21 ottobre 2010, l'allora ministro della Gioventù Giorgia Meloni e il sindaco di Roma Gianni Alemanno (Ansa) 

Il personaggio

Il ritorno di Alemanno: attacca Meloni, lei ordina di ignorarlo, ma i media se lo contendono

Simone Canettieri

E' l'estate dell'ex colonnello della destra sociale tra il libro di Vannacci, il pacifismo e De Angelis: "Mi davate per morto, eh? A ottobre decido se fondare un partito"

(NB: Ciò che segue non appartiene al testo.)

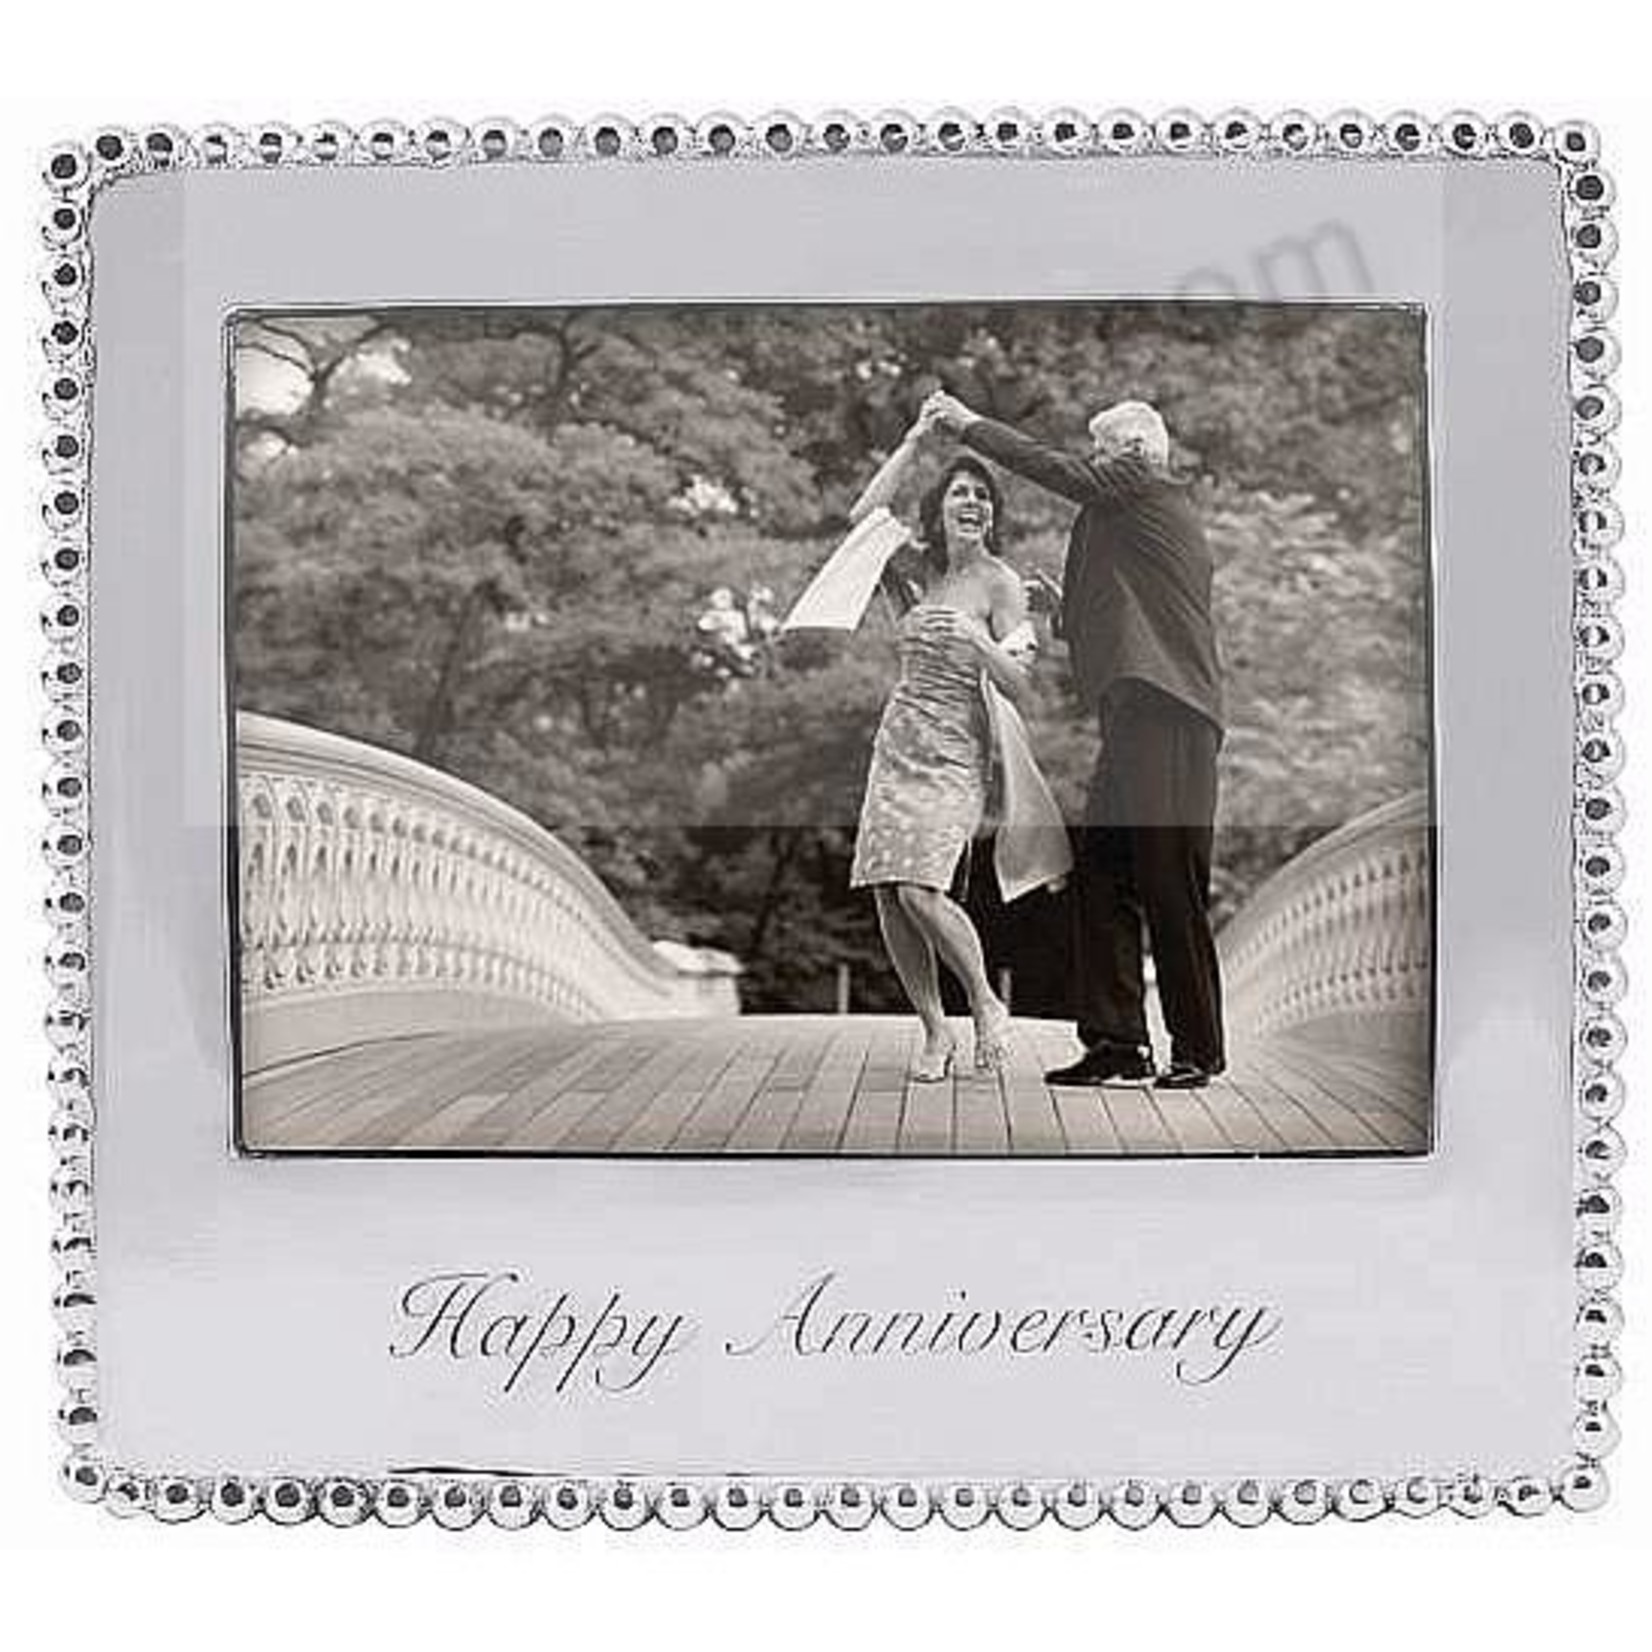 Mariposa Happy Anniversary Frame - 5x7

“Sì, è per un’intervista? Adesso sono al Meeting di Rimini. Finisco di ascoltare Mantovano e ci risentiamo, ok?”. Gianni Alemanno  è ovunque. E’ la sua estate. Accendi la tv. Apri i giornali. Scrolli i social network. C’è una polemica, e c’è lui. Scorta il folgorato generale scrittore Roberto Vannacci e dà lezioni di destra sociale a Giorgia Meloni e di moralità a Guido Crosetto. E poi ricorre alla magistratura in favore degli “esodati” del Reddito di cittadinanza, ma difende anche l’amico, ex Terza posizione e poi parlamentare del Pdl, Marcello De Angelis quando sulla strage di Bologna dice ciò che tutta la destra pensa, ma non potrebbe più dire. E’ poi il pacifismo, l’antiamericanismo sandinista (c’è chi se lo ricorda ancora ad Anzio e Nettuno a una manifestazione violentissima contro la guerra in Iraq di Bush padre). Trotskista di destra. Alemanno, Aledanno, Lupomanno:  famiglia benestante pugliese, 65 anni, ingegnere, già leader in mimetica del Fronte della gioventù, sezione Somma Campagna, responsabile economia del Msi, colonnello finiano, ministro dell’Agricoltura, sindaco sventurato della capitale (con lunga coda giudiziaria terminata alla fine solo con  una condanna a 22 mesi). Fa ancora parte della fondazione di An. Ha una sorella, Gabriella, nominata dal governo commissaria della Consob, un’ex moglie Isabella Rauti (figlia dell’ordinovista Pino) sottosegretario alla Difesa con passato come riservista alla Nato, una compagna Silvia Cirocchi portavoce del ministro Nello Musumeci, un nipote che lavora con il viceministro Maurizio Leo. Squilla il telefono. E’ lui: “Mi davate per morto eh?”.

      
“Quando scoppiò la guerra in Ucraina e mi schierai su una posizione diversa da quella di Fratelli d’Italia, Giorgia Meloni mi disse: per te da noi non c’è spazio. E così alle politiche ho votato Italexit di Paragone”.

 

 

“Il fatto è che Gianni rischia di farsi usare dai giornali di sinistra come fecero con  Fini. Non credo che riuscirà a prendere il 4 per cento alle Europee, così come il mio movimento Italexit”, dice appunto Paragone, anche lui in libreria con un testo alla Vannacci (“Moderno sarà lei”). 

 

16 aprile 2011, l'allora ministra della Gioventù Meloni e l'allora sindaco capitolino Alemanno (Ansa)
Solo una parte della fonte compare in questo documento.